Aemond cocked his head to the side, “I doubt you are as fond of my wife as I am, my Lord,” he offered “or I would be deeply offended and concerned”
“I misspoke, Your Grace” Lord Baelish offered “if her mother and I were married she would have been my daughter and as such I love her”
He heard Sansa bristle behind him “I am lord Eddard Stark’s daughter, my Lord, do not forget that”
“I would never and I counselled your father against the conduct that brought to his execution,” he said “in his absence I did my best to protect you”
“And for this we are grateful,” Sansa said, “which is why I meant to ask Your Grace, to formally invite Lord Baelish in his council, so that he may continue to serve and prove his loyalty”
Aemond studied his wife, he knew what she had said about the man, same as with Cersei I cannot incriminate him on thin air and suspects. I need proofs, and to have those I need to keep an eye on him, make him think he has my trust, and give me his in return. At one point he’s bound to make a misstep, Prince Oberyn and I both agree on this matter.
He clasped his hands behind his back, “Very well, if my wife speaks so fondly of you, I shall bestow on you such a honor”
Lord Baelish’ bow this time was profound and looked as genuine as one would like to believe, “I am honored”
You won’t be when I cut your head off.
“Lord Baelish, my love, has long served as Master of Coin,” she said “there’s no one more knowledgeable of the coffers of the Realm than he is”
“Then I’d assume you shall help my wife care for the Realm’s finances as I battle this war” he replied, then he offered his wife his hand which she took gladly as she balanced the babe with one arm, — of course, Your Grace — Aemond kissed her temple and then grabbed the babe from her, nestling him in the crook of his arm. Safe and tucked in his father’s arms Daeron opened his eyes for the split of a moment, his glazed mauve eyes blinking up at him slowly for a moment to then fall shut again.

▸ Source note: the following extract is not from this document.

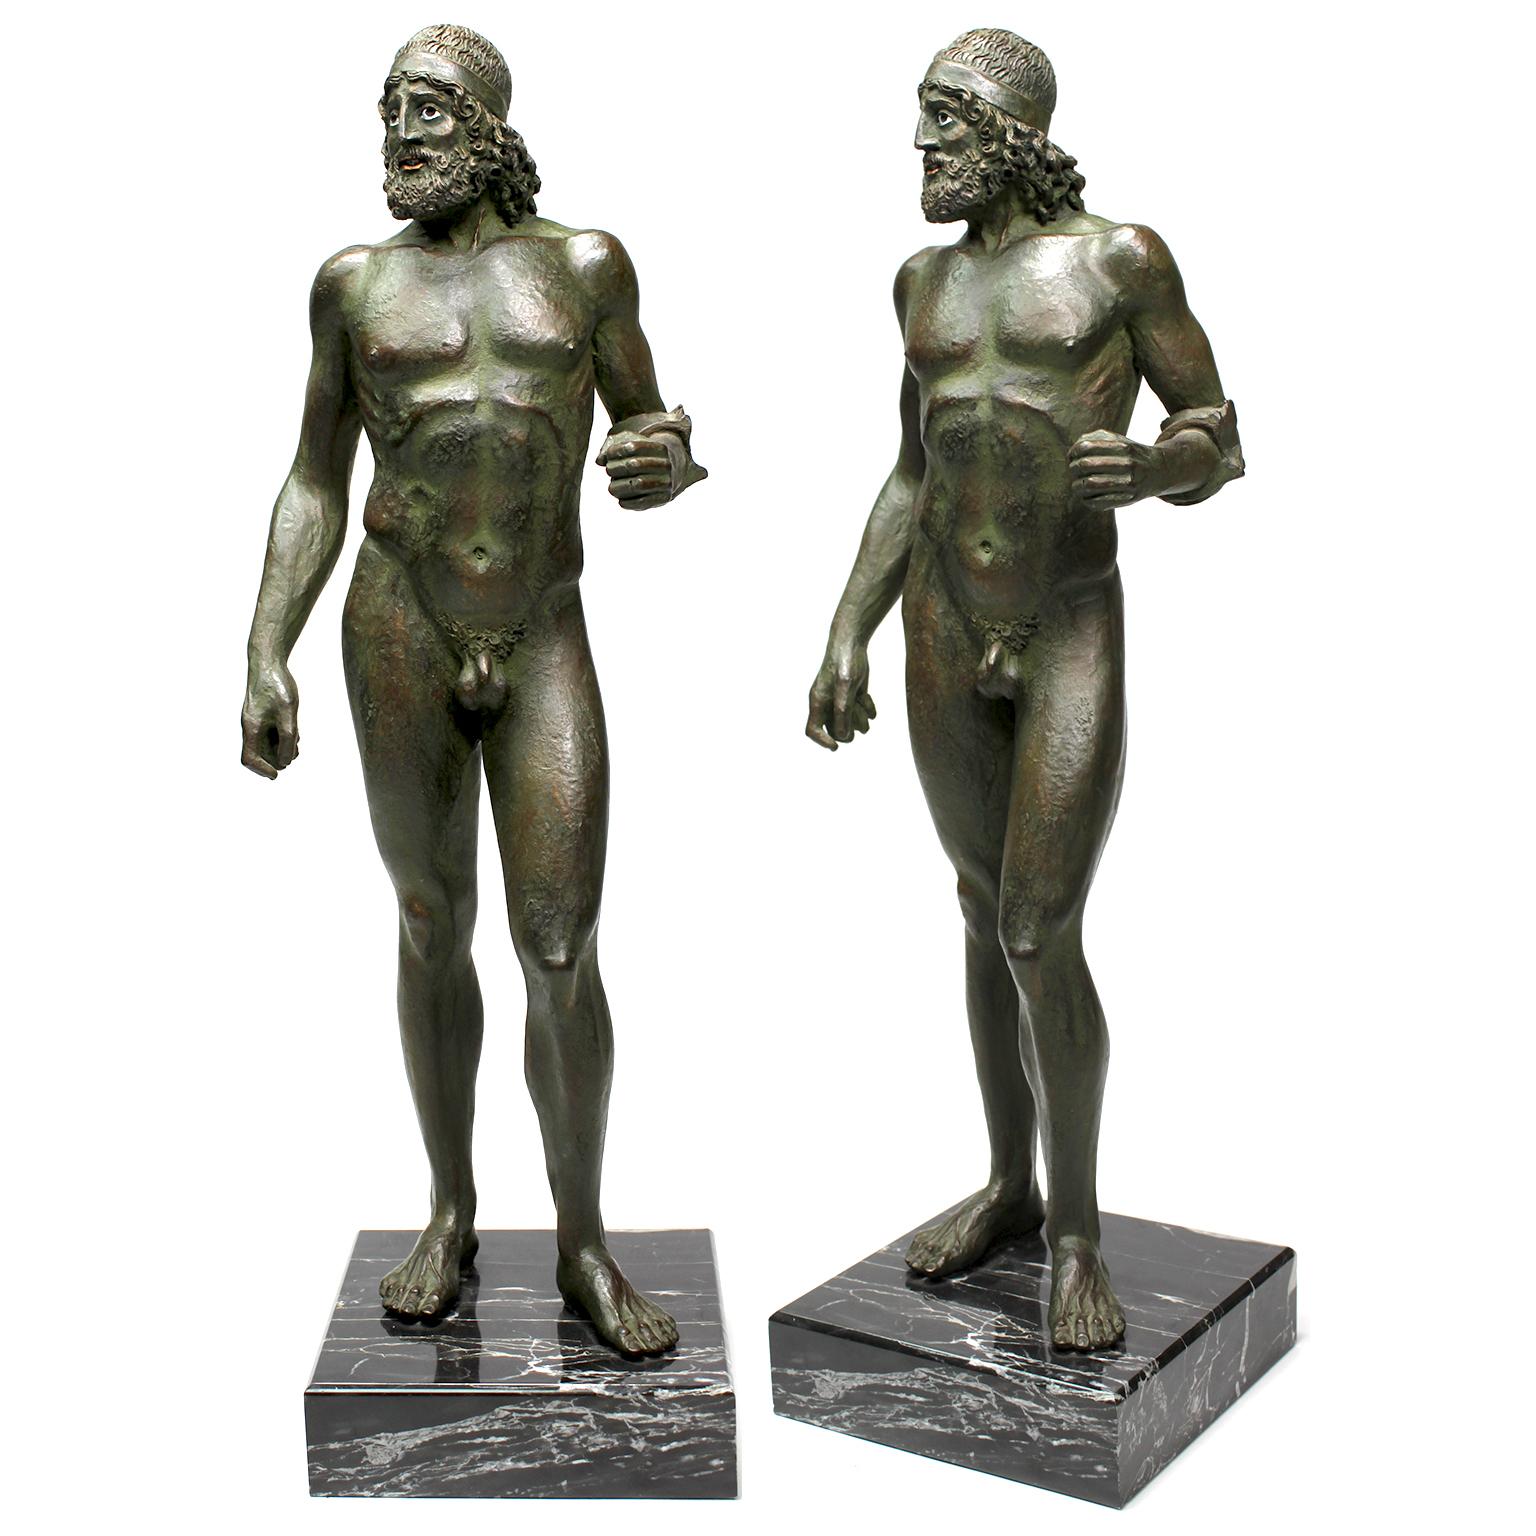 The Riace Warriors, a fine pair of cold cast copper and resin figures of the Riace Warriors, reduced replicas of the original bronze sculptures currently located at the Museo Nazionale della Magna Grecia in the southern Italian city of Reggio
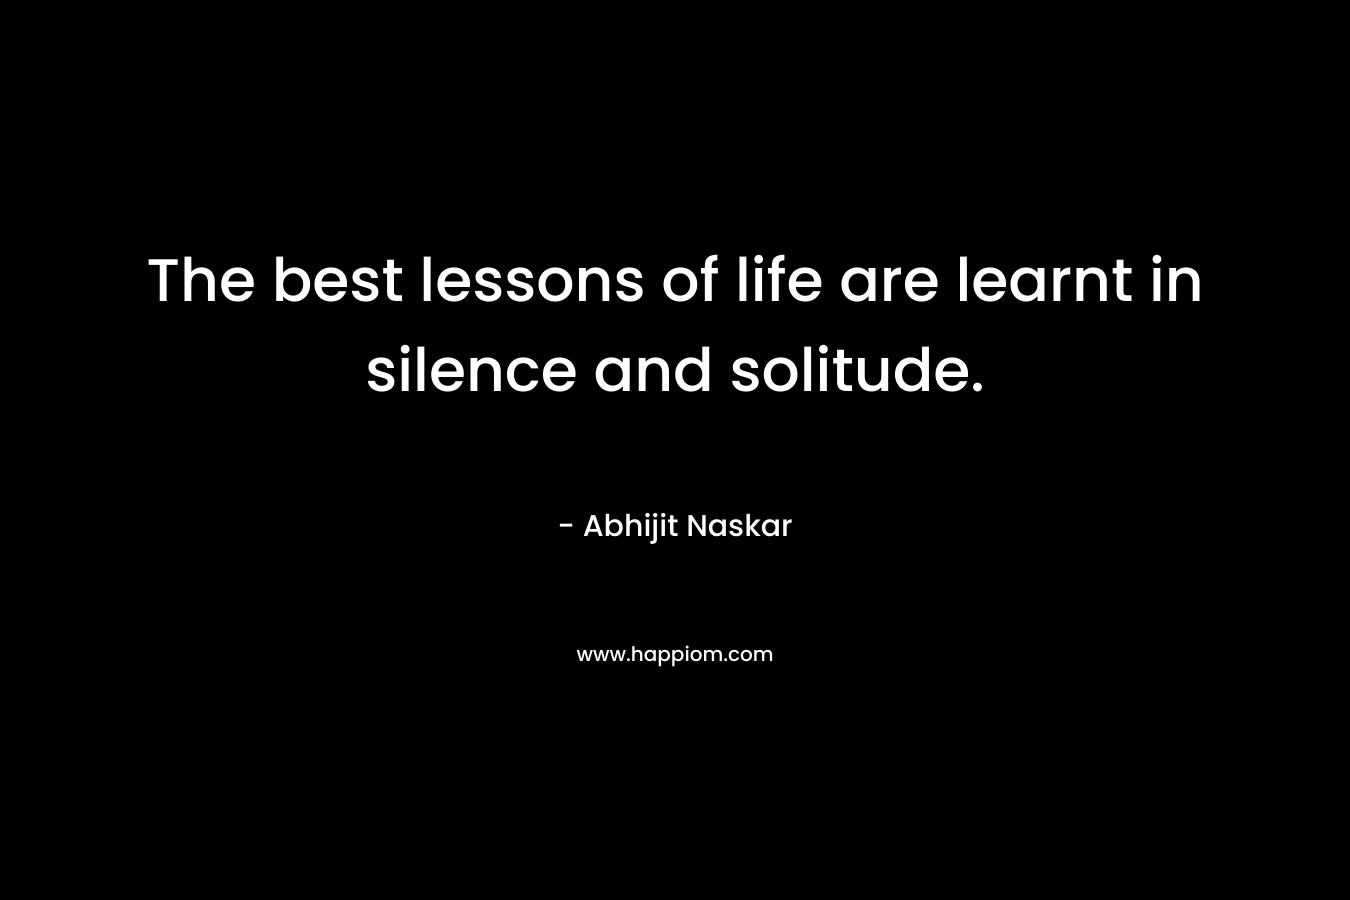 The best lessons of life are learnt in silence and solitude.

As soon as they were out of earshot, Aemond turned to Sansa as they walked, freeing his hand to adjust the babe’s head in his arms, “I don’t want you alone with him, have sir Leighton or your sister with you always,” he said.
“I’ll be careful I promise,” she said, as she followed him back in their solar.
Aemond knew the Hightowers — lady Malora first of all — would keep her safe, as would her faceless assassin of a sister and even that Lord Royce seemed trustworthy and loyal to his wife, so Aemond knew that he could not feel her best protected unless he remained too and the northern front needed him.
Upon the birth of Prince Daeron, pelts and covers as well as bread and warmed wine were distributed all over the Westerlands as well as in Winterfell and any other land that had bent the knee to the green king.
Queen Sansa was seen returning to her duties almost immediately after the birth of her firstborn son, ensuring that the people would not starve during winter and the war that would come after.
She was always flanked by her small court of advisors between which became fast prominent Lord Petyr Baelish, who many knew was vywing for lady Catelyn Stark’ hand; or being as close as possible to the new queen who was facing in her duty winter, war and political struggle and affairs in a Realm divided which had been at war for years.
Prince Shireen Baratheon sent forth for her betrothed a protective amulet with the effigy of the Father, the Smith and the Warrior. Queen Sansa in all reply gifted an identical amulet to Princess Shireen for her nameday, with the effigy of the Mother, the Maid and the Crone.
The queen’s own nameday came and went without much fanfare, in a mood of frugality. Queen Roslin voyaged from Harrenhal to spend some time with her good sister and meet her nephew as well, and gifted the Queen with a veiled butterfly silken escoffion. Though the Queen would always say that the best nameday present she received — amongst the well wishes and letters from her loved ones — was the hatching of her son’s egg. The hatchling was no much longer than her forearm many claim, long-necked with a seven spiked tail and a crown of seven horns which many took as a symbol of good wills by the Gods.